Quilt en Sud

Nous voici revenues après une escapade de deux jours à Biarritz pour visiter Quilt en Sud. Un immense centre d’expo nous a accueilli. Transformer cet énorme hangar en salle d’exposition a du être un travail colossal et j’admire l’équipe qui l’a réalisé. Nous avons apprécié le parking et la beauté du lieu. En haut de jolies pièces réalisées par nos hôtesses de l’Adour. Sur le mur de  l’escalator qui menait à la salle d’exposition quelques très beaux quilts dont l’accrochage avait du nécessiter un réel talent d’alpiniste.

Un bel espace était prévu pour se rafraîchir. Le stand consacré aux échanges avec les femmes afghanes proposait des patchs tout à fait adaptés…

A l’entrée de l’expo proprement dite un très amusant système permettant de se faire photographier avec une robe à panier…

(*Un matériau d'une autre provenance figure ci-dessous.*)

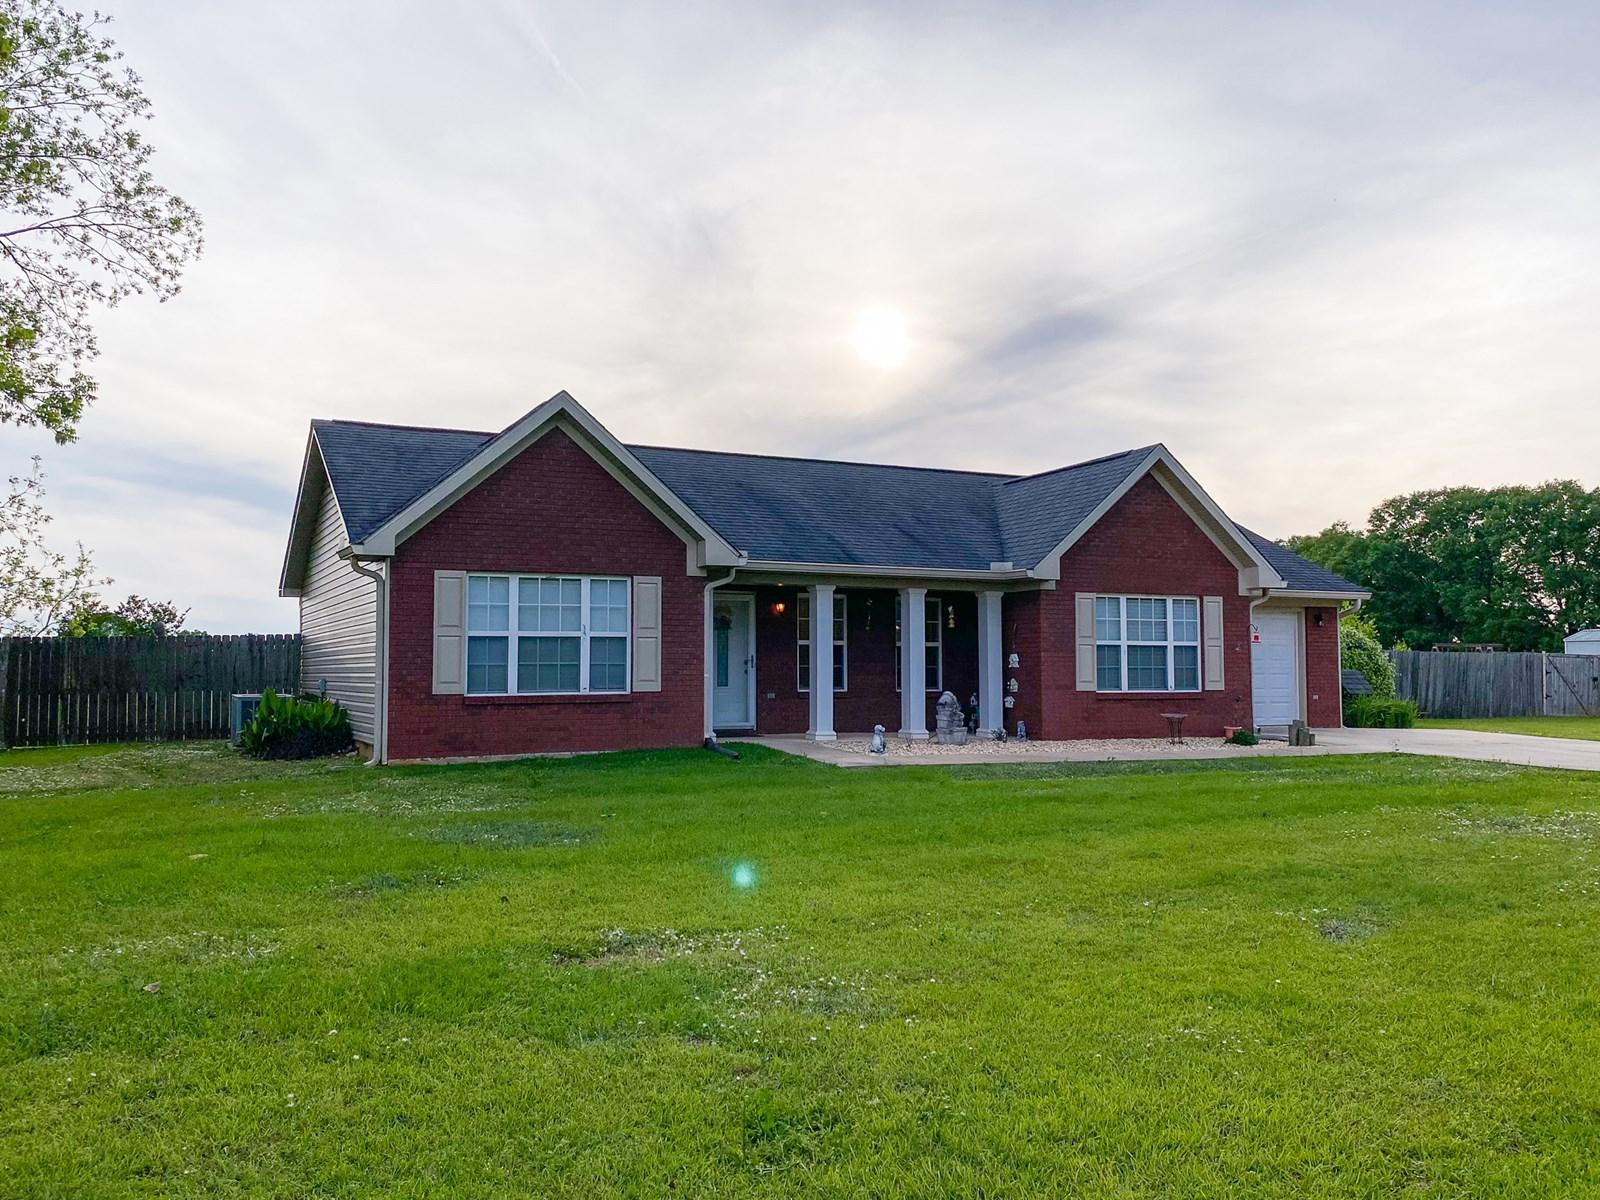 House for Sale w/Large Private Backyard in Enterprise, AL

Des quilts de grande qualité, un accrochage soigneux, des méduses plus vraies que nature, un amusant déploiement de chapeaux, des artistes venant du monde entier. Bref tout était réuni pour faire les délices du visiteur.

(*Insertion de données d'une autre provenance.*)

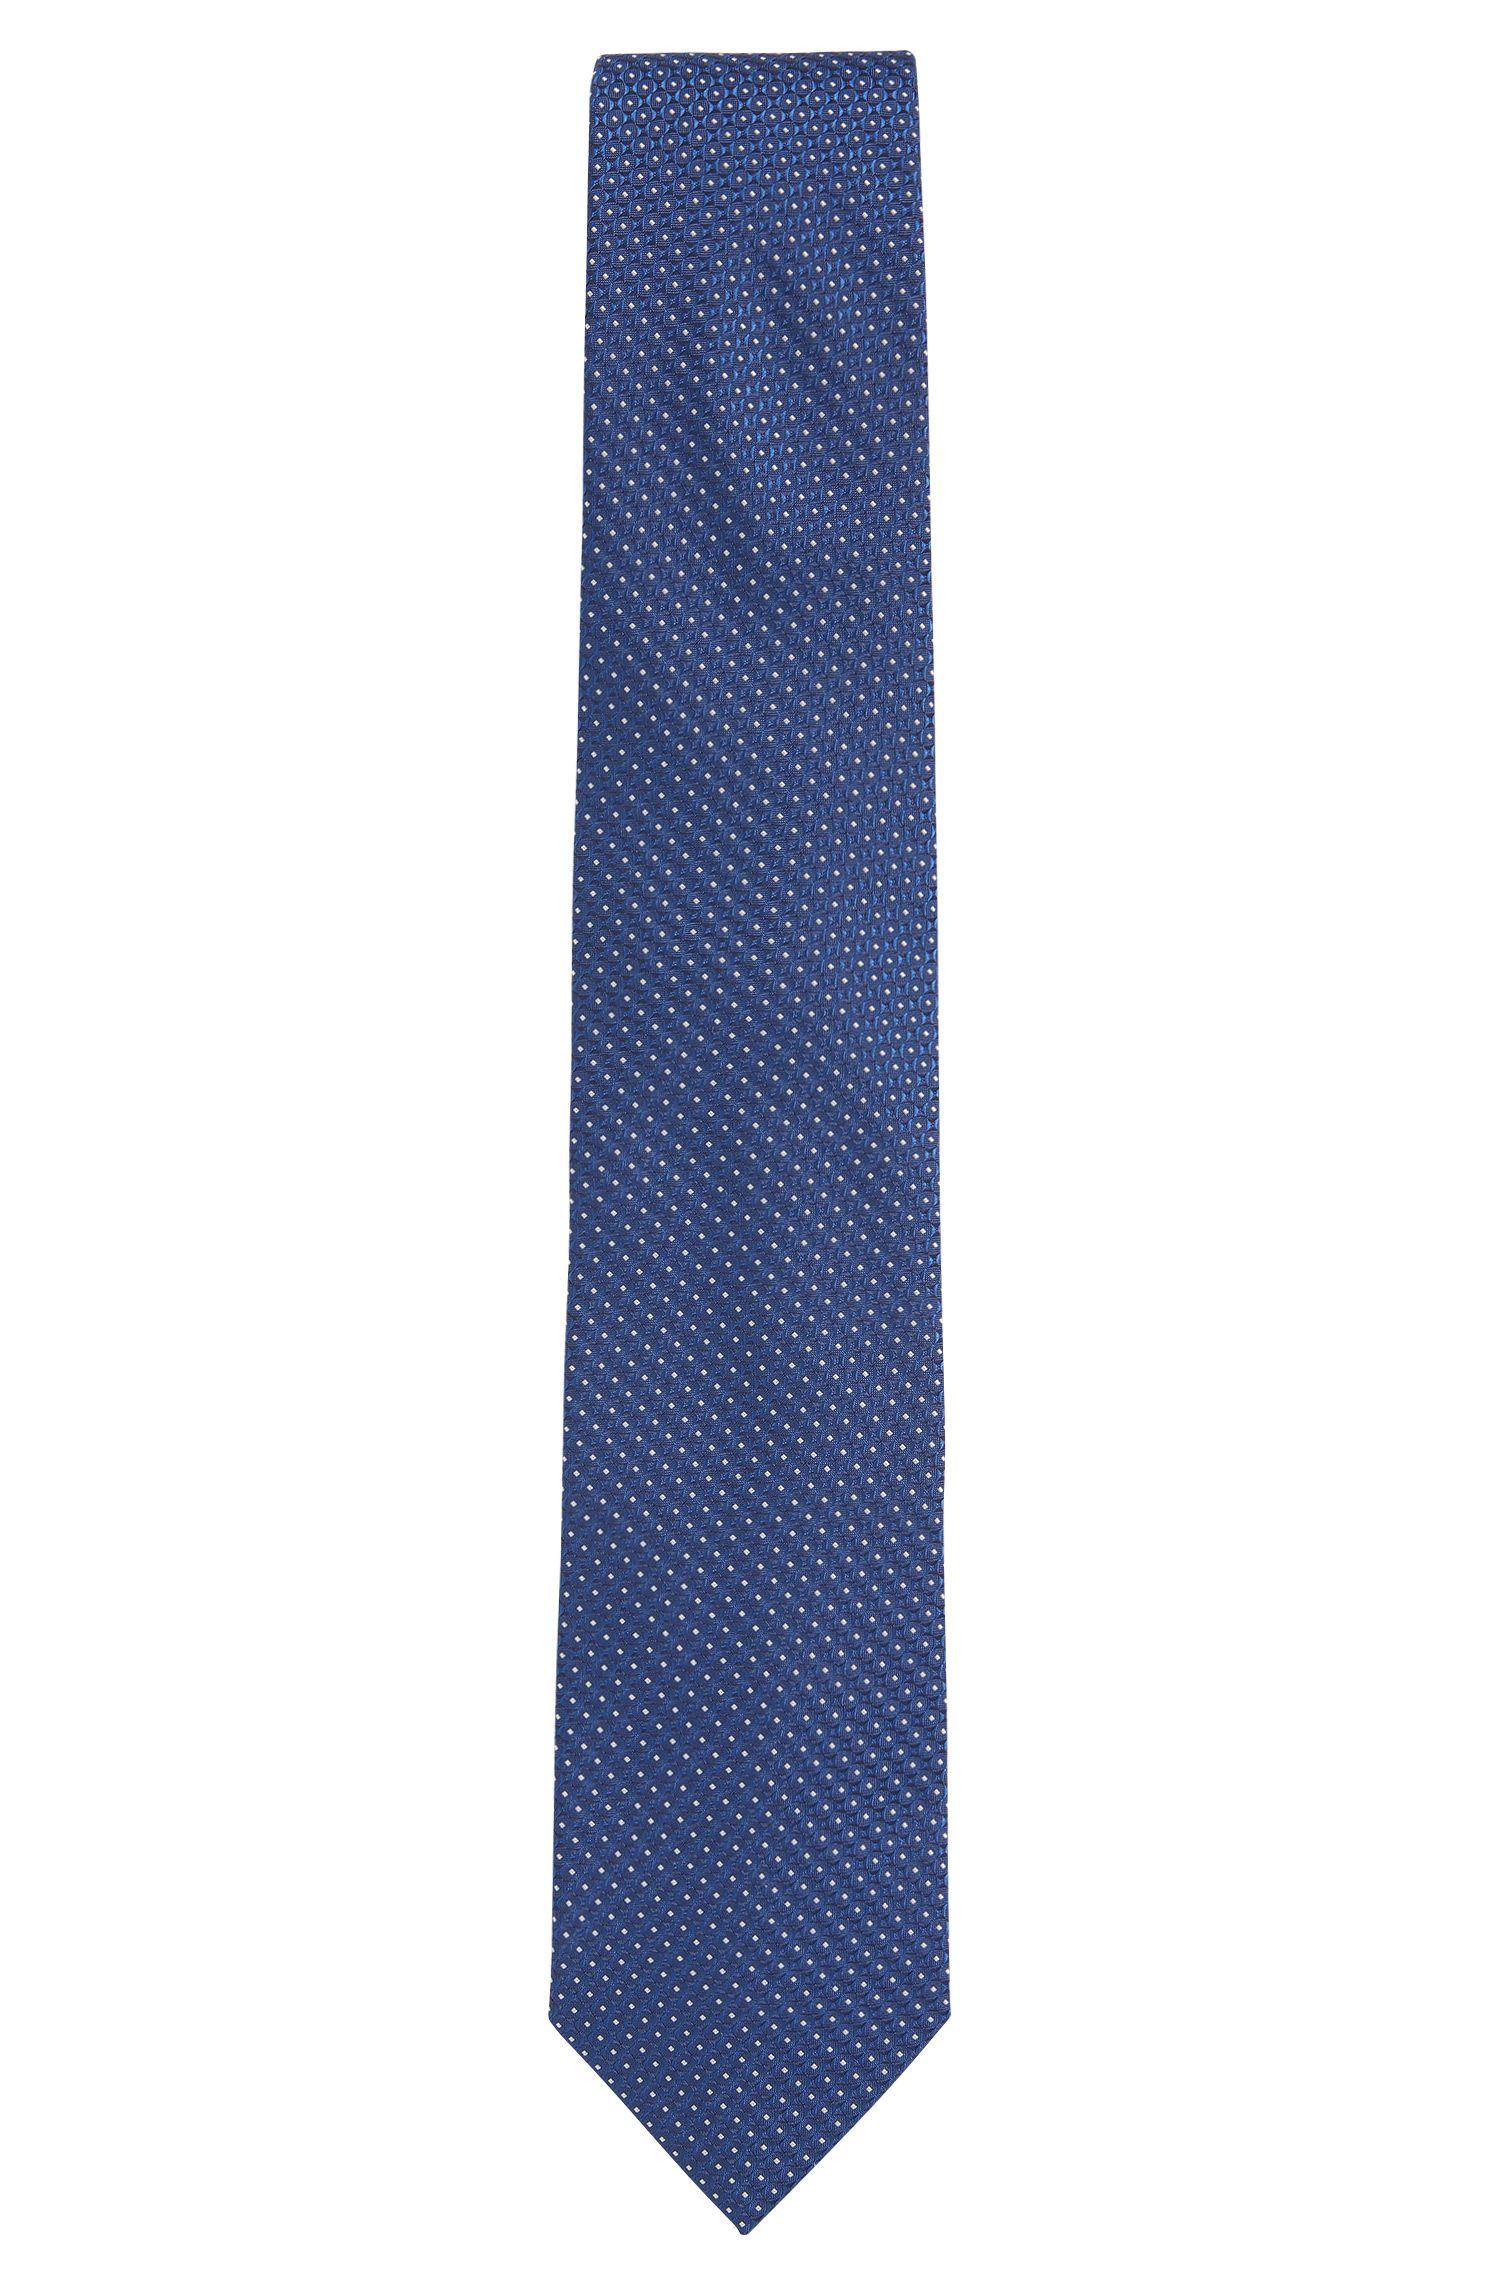 Corbata de jacquard en seda con estampado fabricada en Italia

Et pourtant au bout de deux heures nous sommes parties, un peu déçues, nous demandant pourquoi la magie n’avait pas fonctionné. Il y a deux ans, en dépit du temps infect nous n’avions pas cessé d’aller d’un endroit à l’autre revenant sur nos pas pour revoir des pièces qui nous avaient intéressées ou simplement parce que nous n’étions pas sûres d’avoir tout vu. Et nous étions parties enchantées et à regret. Que s’était-il passé?

Nous en avons discuté entre nous puis pendant la tournée des magasins de tissu et merceries que nous avons tout naturellement effectuée. Les échos que nous avons eus confirmaient notre impression ce qui nous a un peu rassurées. Nous avions l’impression d’avoir boudé notre plaisir. Et voilà la conclusion à laquelle nous sommes parvenues: La plus grande partie de cette exposition aurait fait merveille dans l’intimité d’une galerie.

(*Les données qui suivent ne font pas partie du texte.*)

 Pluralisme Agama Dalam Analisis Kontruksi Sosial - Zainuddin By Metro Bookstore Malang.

Les tableautins délicats (toute une série de petites maisons qu’il était interdit de photographier), les petites pièces ont été écrasés par l’énormité de la salle, par la rudesse de la combinaison métal et volume. Pour l’apprivoiser il aurait sans doute  fallu des centaines d’énormes  quilts exubérants montant à l’assaut des murs et des cloisons et dont la diversité aurait donné couleur et vie à cet espace austère. Or une bonne partie des oeuvres présentées étaient de petite taille, ce qui est fréquent dans l’art textile et dans les concours.

Même les très beaux et irréprochables quilts de légende avaient du mal à s’imposer et semblaient perdus dans cette immensité alors qu’il y a deux ans ils composaient un ensemble stupéfiant dans la salle qui leur était réservée.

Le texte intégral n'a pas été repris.